◆ WHAT IS NEEDED
From the listing below, extract each line containing the string "Bull".

◆ INFORMATION SUPPLIED
--- --- ---
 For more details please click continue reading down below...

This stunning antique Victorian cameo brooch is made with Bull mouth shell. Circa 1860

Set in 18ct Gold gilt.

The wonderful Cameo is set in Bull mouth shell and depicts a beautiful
--- --- ---
◆ YOUR RESPONSE
This stunning antique Victorian cameo brooch is made with Bull mouth shell. Circa 1860
The wonderful Cameo is set in Bull mouth shell and depicts a beautiful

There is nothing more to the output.